Dataset extract:
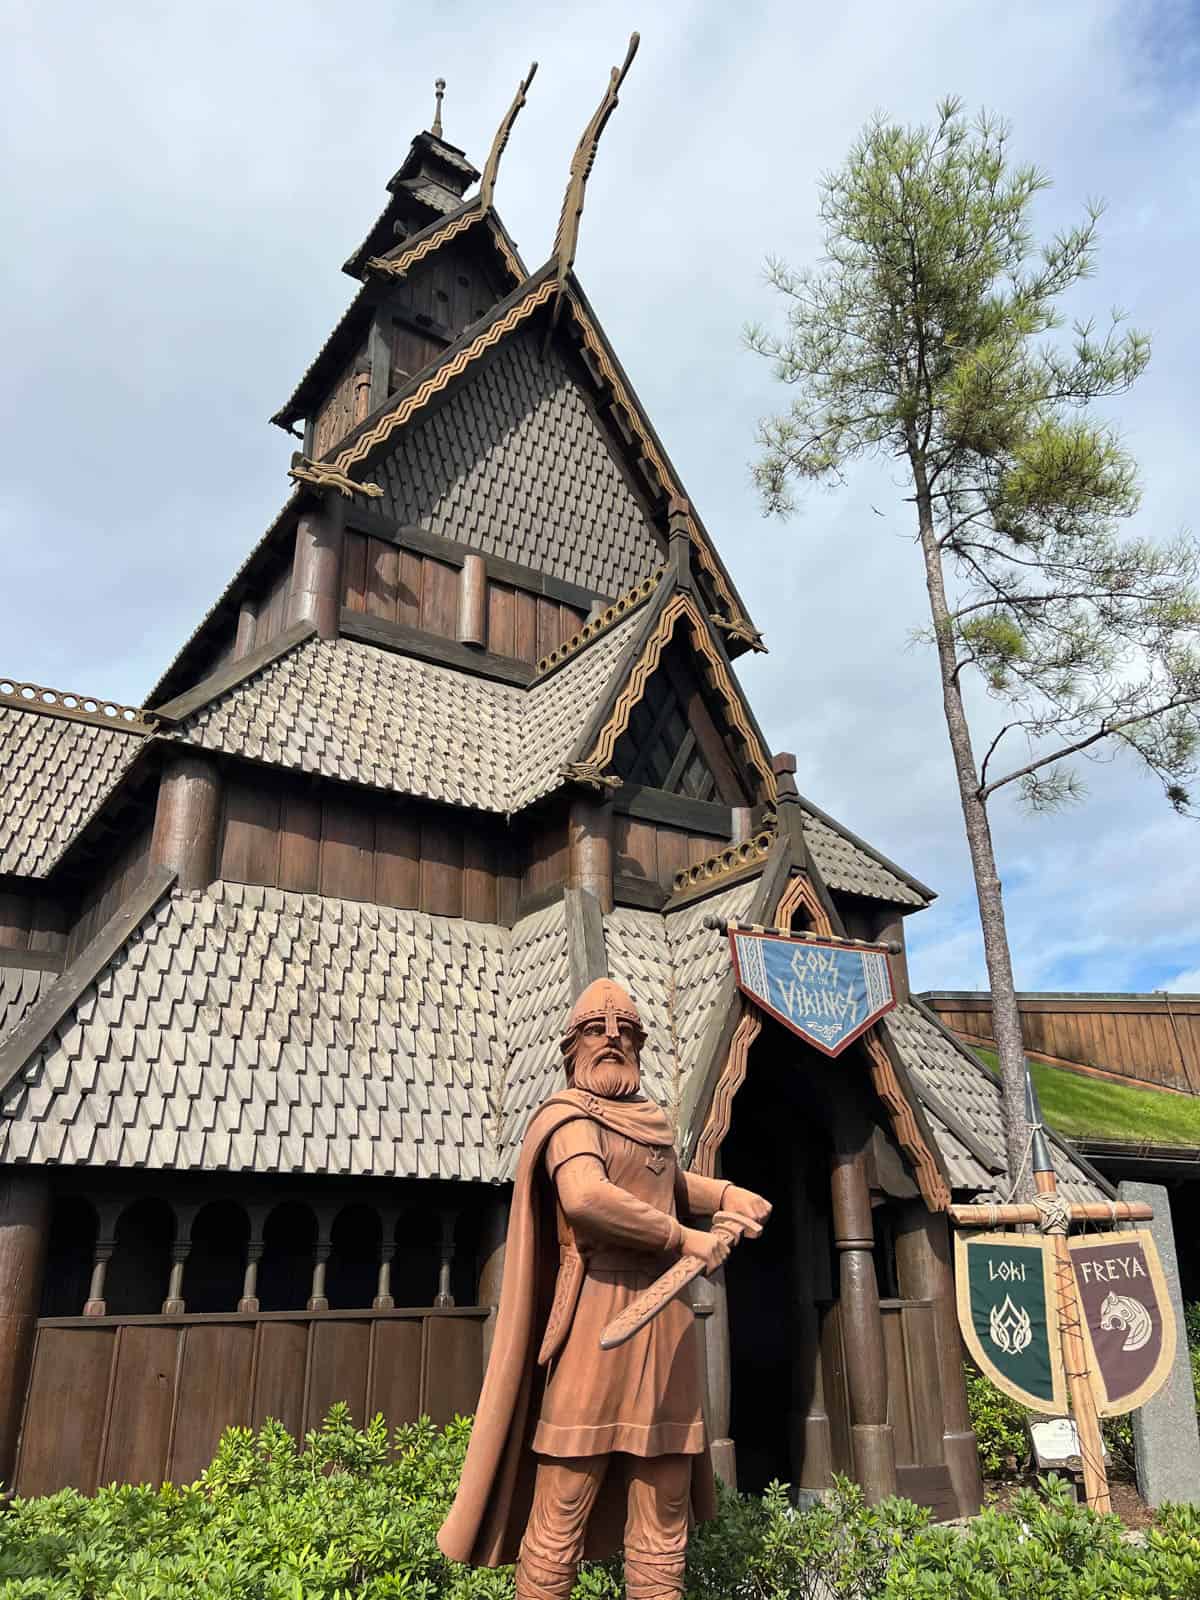 A wooden stave church replica at Epcot.
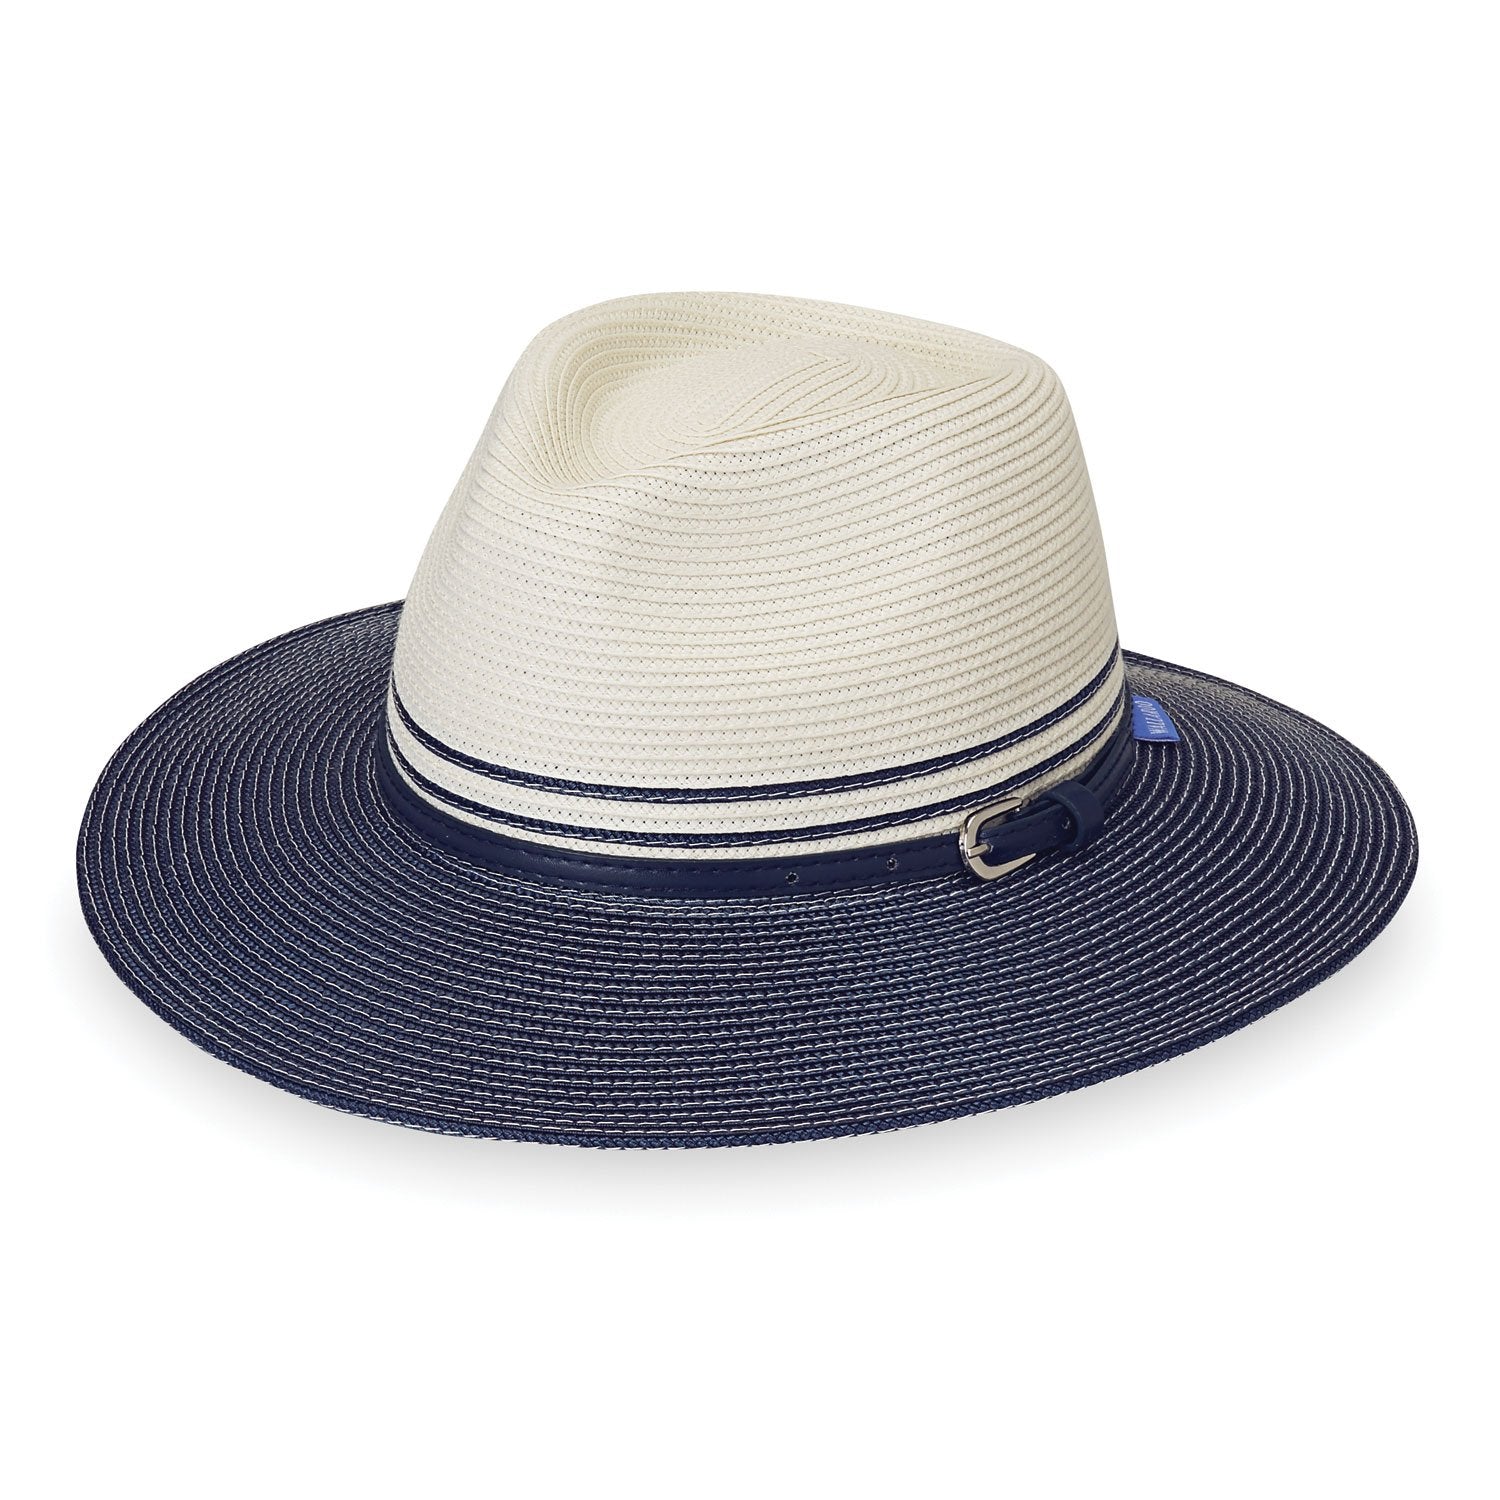 Featuring Front of Women's Packable UPF Fedora Style Kristy Sun Hat in Ivory Navy from Wallaroo
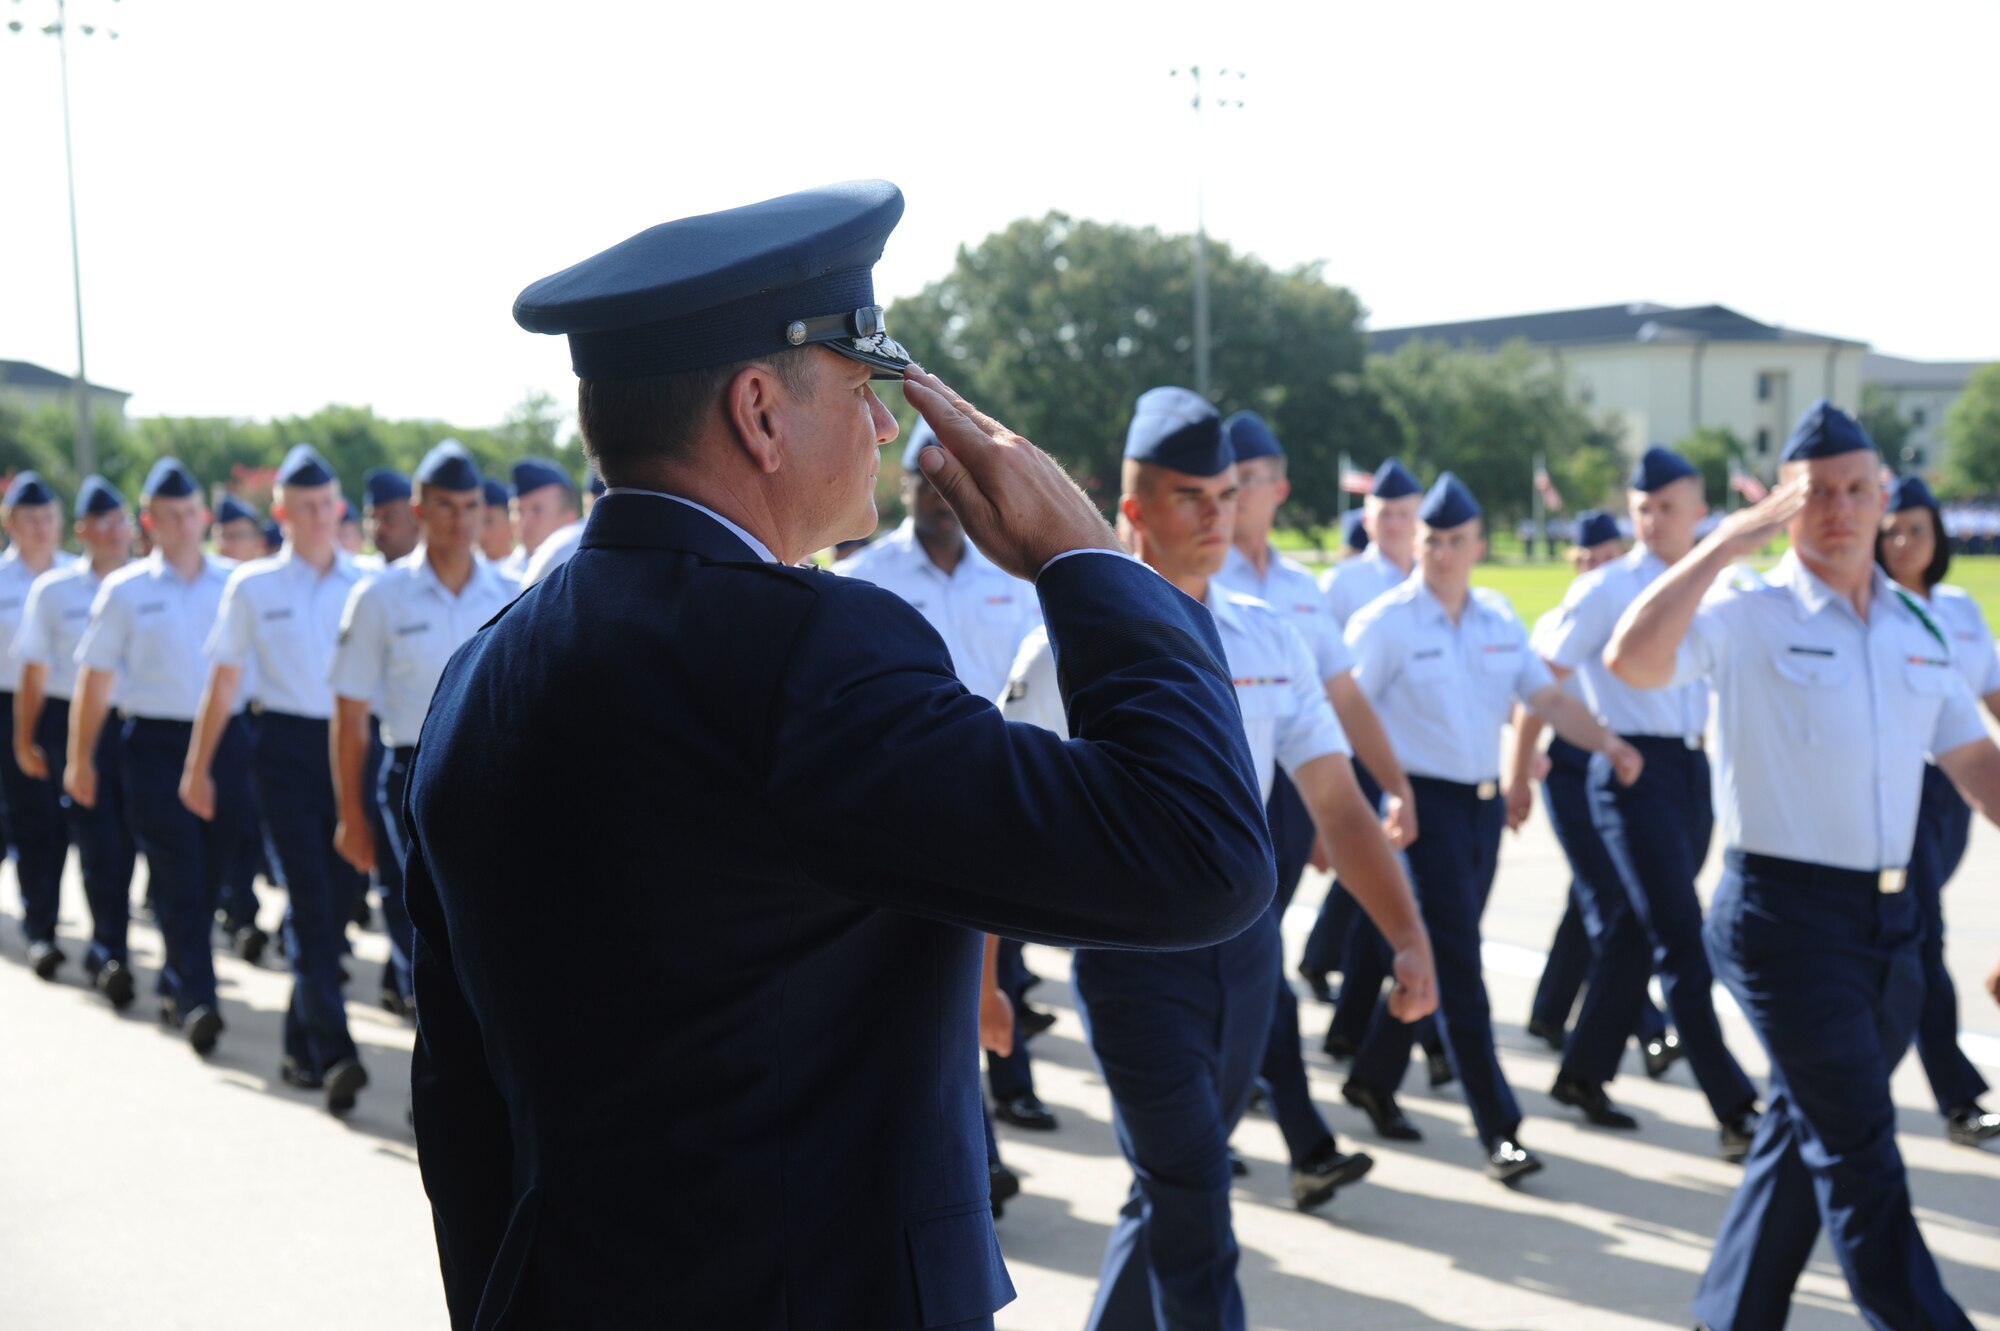 Maj. Gen. Leonard Patrick, outgoing 2nd Air Force commander, renders a salute as troops march during pass and review following the 2nd Air Force change of command ceremony July 3, 2014, at Keesler Air Force Base, Miss.  Patrick is replaced by Brig. Gen. Mark Brown was previously the Financial Management director, Headquarters Air Force Material Command at Wright-Patterson Air Force Base, Ohio. (U.S. Air Force photo by Kemberly Groue)
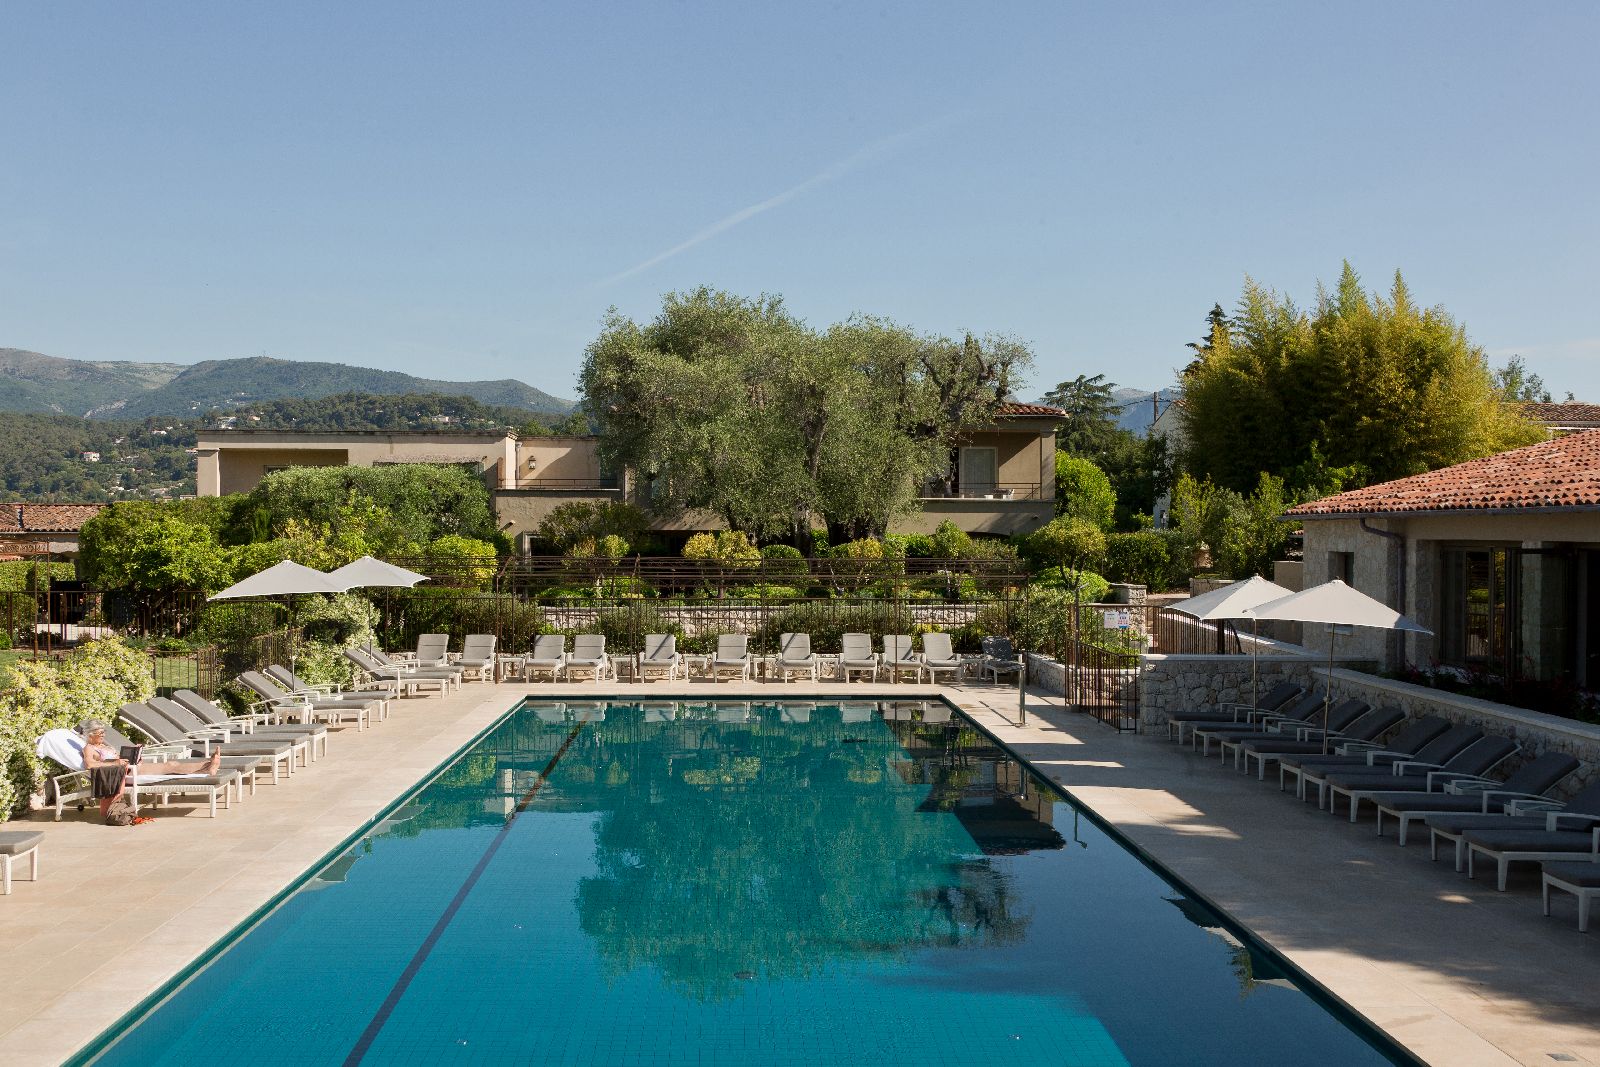 Swimming pool and terrace at Domaine du Mas de Pierre in Provence France

Problem description: Omit every picture while printing the data word for word.

Answer for this exercise:
 A wooden stave church replica at Epcot.
 Featuring Front of Women's Packable UPF Fedora Style Kristy Sun Hat in Ivory Navy from Wallaroo
 Maj. Gen. Leonard Patrick, outgoing 2nd Air Force commander, renders a salute as troops march during pass and review following the 2nd Air Force change of command ceremony July 3, 2014, at Keesler Air Force Base, Miss.  Patrick is replaced by Brig. Gen. Mark Brown was previously the Financial Management director, Headquarters Air Force Material Command at Wright-Patterson Air Force Base, Ohio. (U.S. Air Force photo by Kemberly Groue)
 Swimming pool and terrace at Domaine du Mas de Pierre in Provence France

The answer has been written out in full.